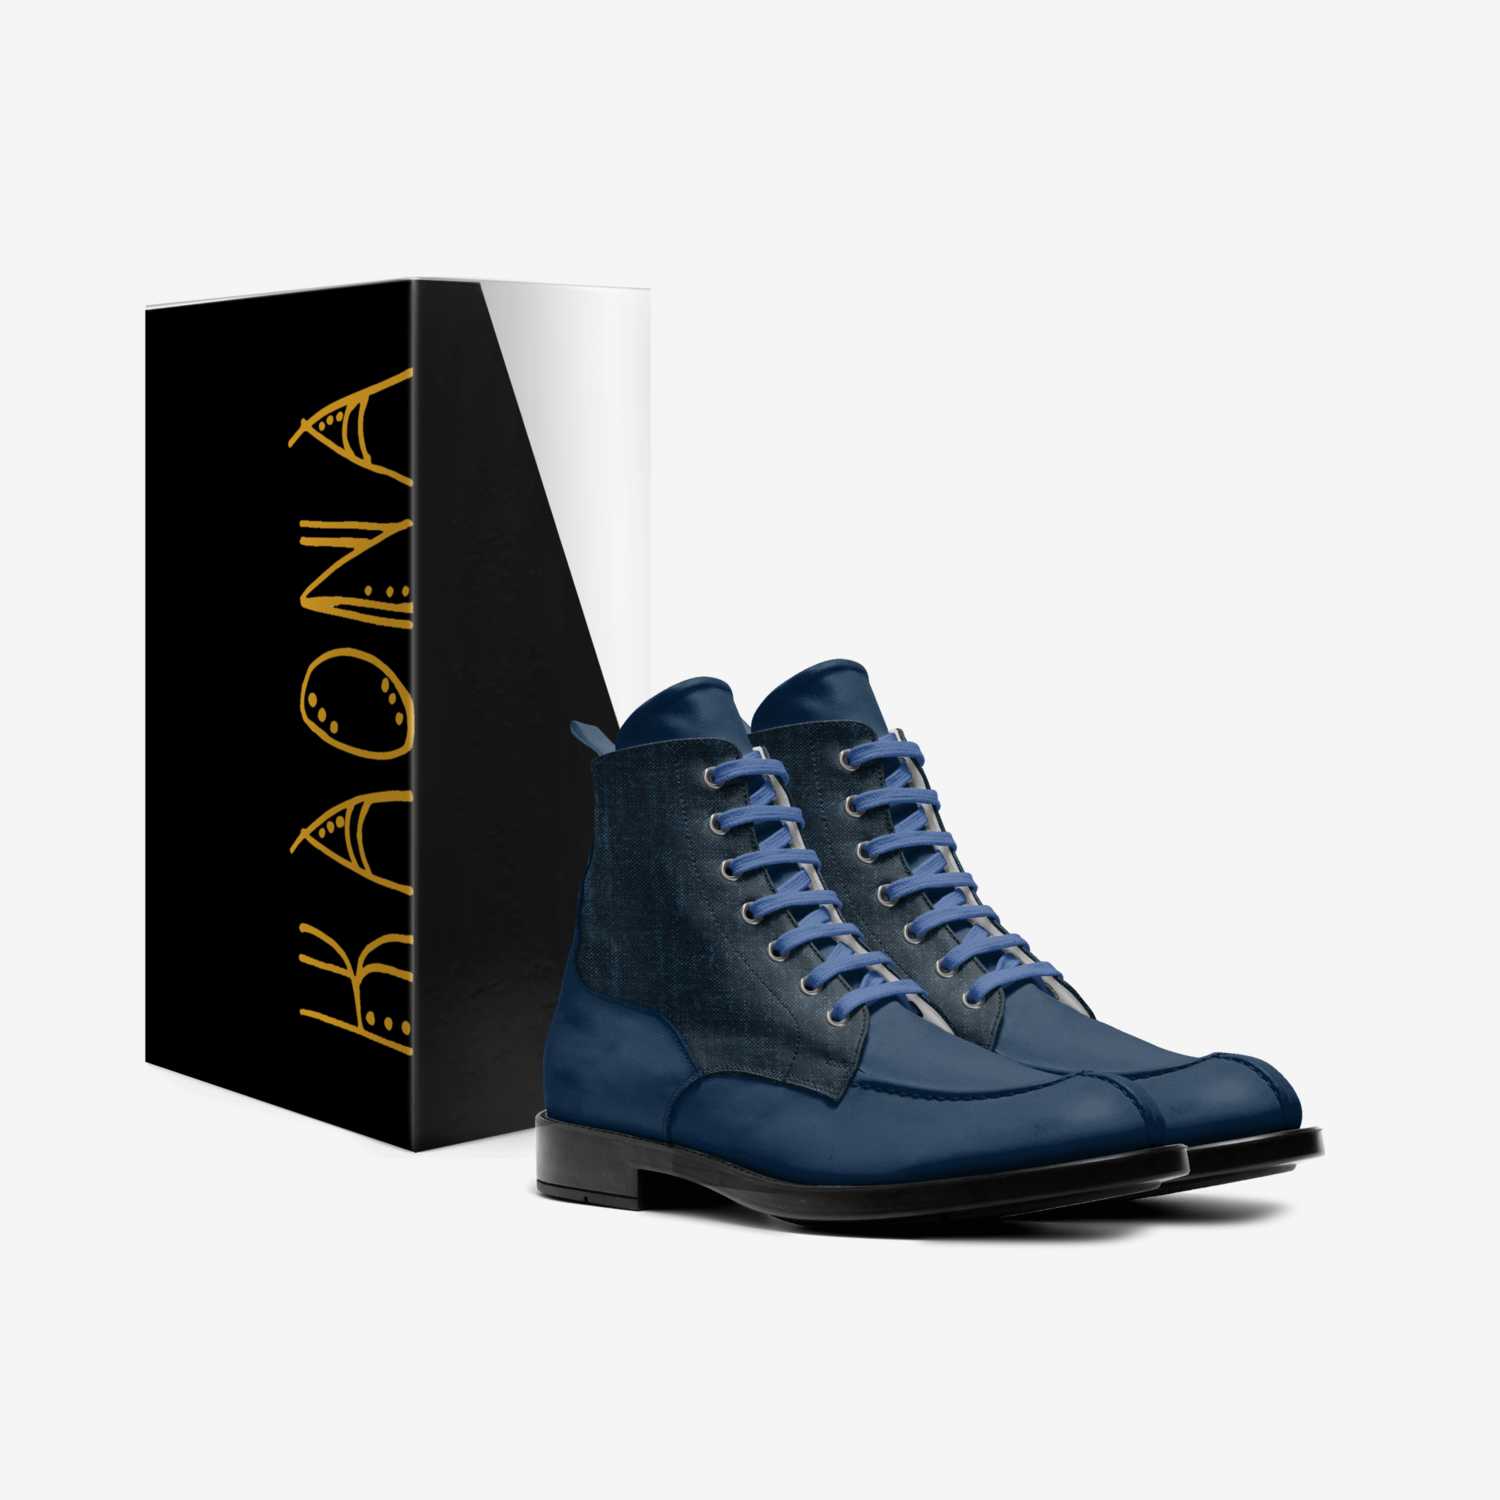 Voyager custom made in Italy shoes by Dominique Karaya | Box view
* * *
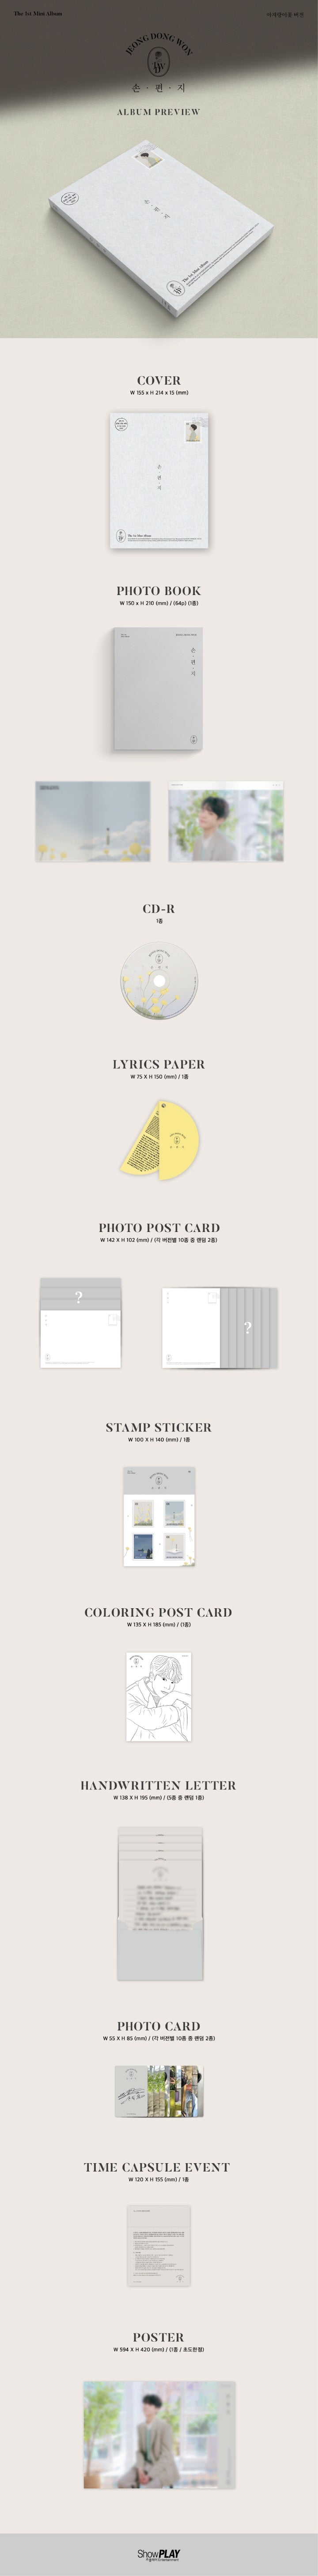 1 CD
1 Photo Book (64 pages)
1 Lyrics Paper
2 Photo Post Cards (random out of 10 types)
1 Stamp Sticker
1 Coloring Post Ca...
...
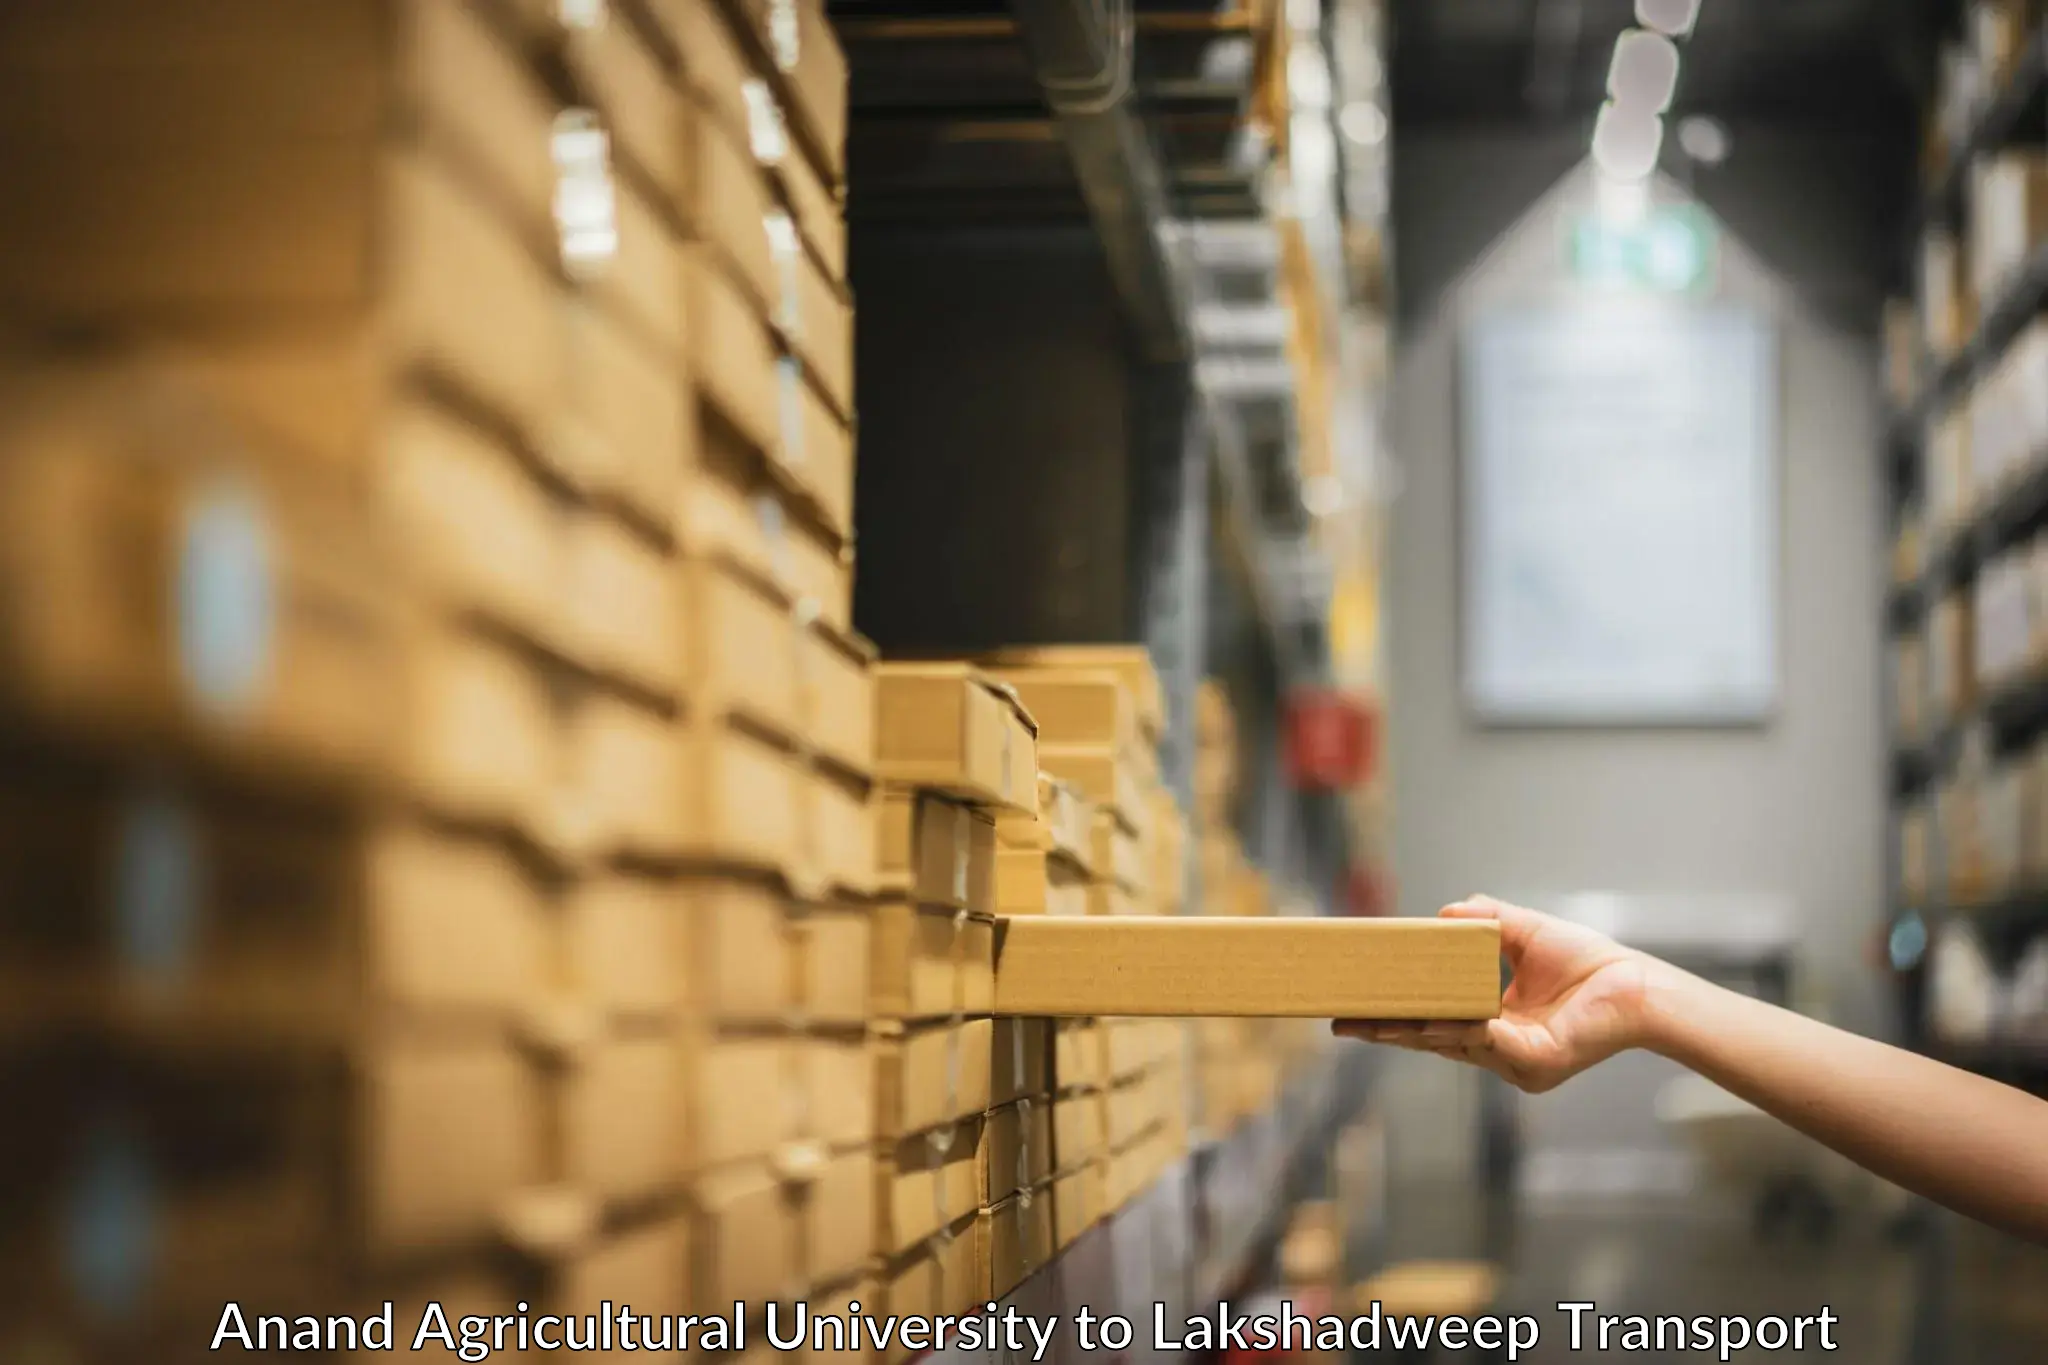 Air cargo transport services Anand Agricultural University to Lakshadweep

| What to work on |
Write out exactly the lines above from the line with "2 Photo Post Cards (random out of 10 types)" through the line with "1 Coloring Post Ca...", both of them included, and leave out all other lines.

| Result |
2 Photo Post Cards (random out of 10 types)
1 Stamp Sticker
1 Coloring Post Ca...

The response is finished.